The claim that a trivial addition of Thread::Queue causes rather trivial operations to run 120x slower should certainly motivate some investigation. My investigation shows that the penalty is very close to 2x slower (rather, 2x more CPU, which translates to 'takes about the same elapsed time'), which seems reasonable based on my in-the-mind's-eye expertise.
And that's with the output redirected to nul so there is no competition for the disk head.
That seems silly to me. But, more importantly, if you'd not done that, you could've checked your work and found several mistakes, at least one of which likely would drastically change your numbers.
In any case, I didn't redirect to nul so there was all that competition for the disk head (at least in your mind's eye) and yet I see about 2x slow-down not 120x slow-down (or even the 16x..32x slow-down you'll likely see after you fix your stuff).
I don't have time to scale up to 3.5GB which means that one explanation for the off-by-a-factor-of-8x..16x discrepancy might be some extreme non-linear performance of Thread::Queue (in a case where the performance shouldn't be non-linear).
My testing does show some non-linear slow-down of Thead::Queue which can easily be at least partially overcome in this particular case, but the trend doesn't look even close to me getting the 16x over-all slow-down at 3.5GB (assuming the 'pipe' version actually runs at about the same speed as the corrected trivial 'perl -pe' version, which seems likely but I didn't look at the 'pipe' version at all and still spent more time on this than I really should have right now).
So, if I drop the 'g' from 's/a/A/g' like you did, it makes the 'perl -pe' version run about 10x faster for me. If you got the same speed-up, that'd mean it really runs at roughly the same speed as the 'pipe' version (which means you probably used shorter lines than me and got closer to a 5x speed-up).
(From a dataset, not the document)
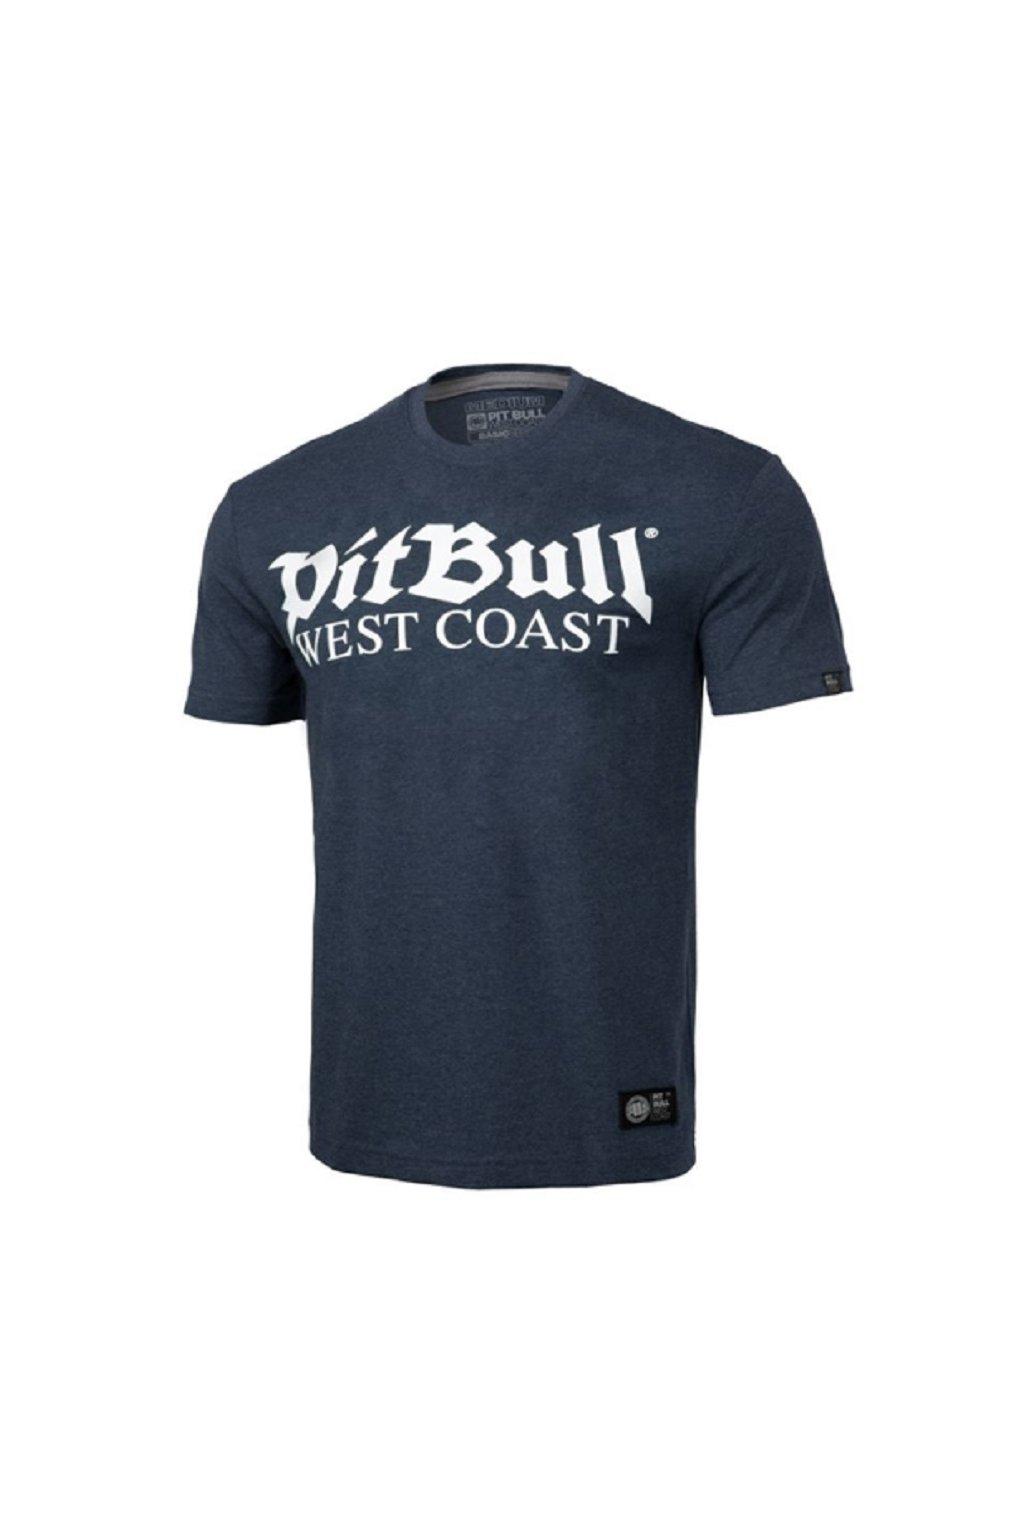 Pánské triko PIT BULL WEST COAST - OLD LOGO NAVY MELANGE obr1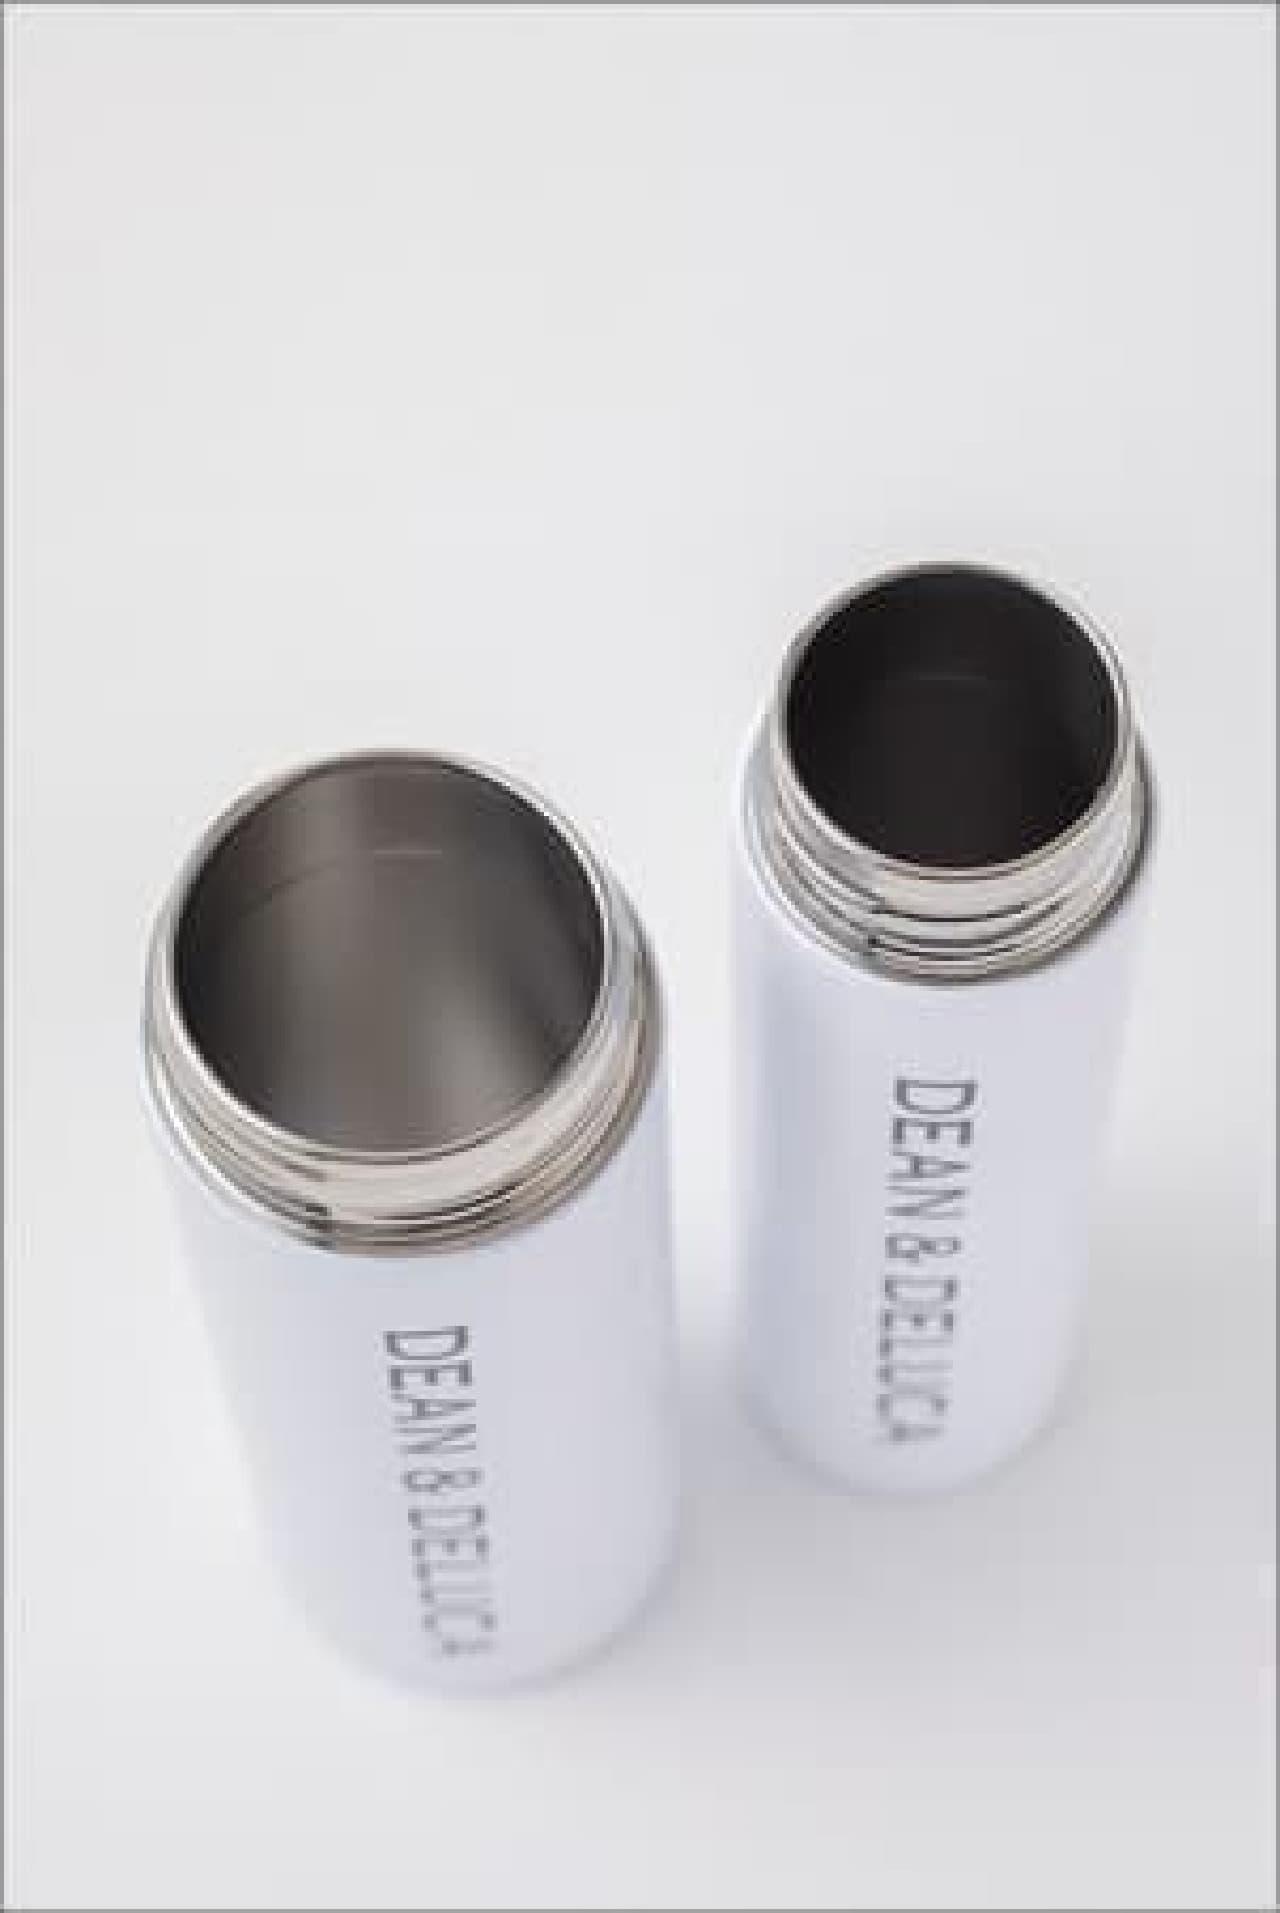 DEAN & DELUCAの「レジかご買物バッグ+ストラップ付き保冷ボトルケース」

I doubt I can replicate your problem with Thread::Queue (based on quick tests on three systems) so you should probably investigate that some more.
The non-linear slow-down of Thread::Queue is interesting and might be worth investigating. It is troubling that throwing in a bunch of 'restarts' via exec( $^X, $0 ) actually makes this code run faster (when given huge input).
I wish I had 4 cores to play with. The Thread::Queue solutions take slightly longer than the trivial one-liner by using two threads and slightly more than twice as much CPU. But that is also what happens with:
perl -pe's/a/A/g' 1kLines1.txt > output1.tmp &
perl -pe's/a/A/g' 1kLines2.txt > output2.tmp; wait
(yes, even if I redirect both to /dev/null) so using both cores has no benefit at all for this example. If I had 4 cores, I could explore that in more interesting ways.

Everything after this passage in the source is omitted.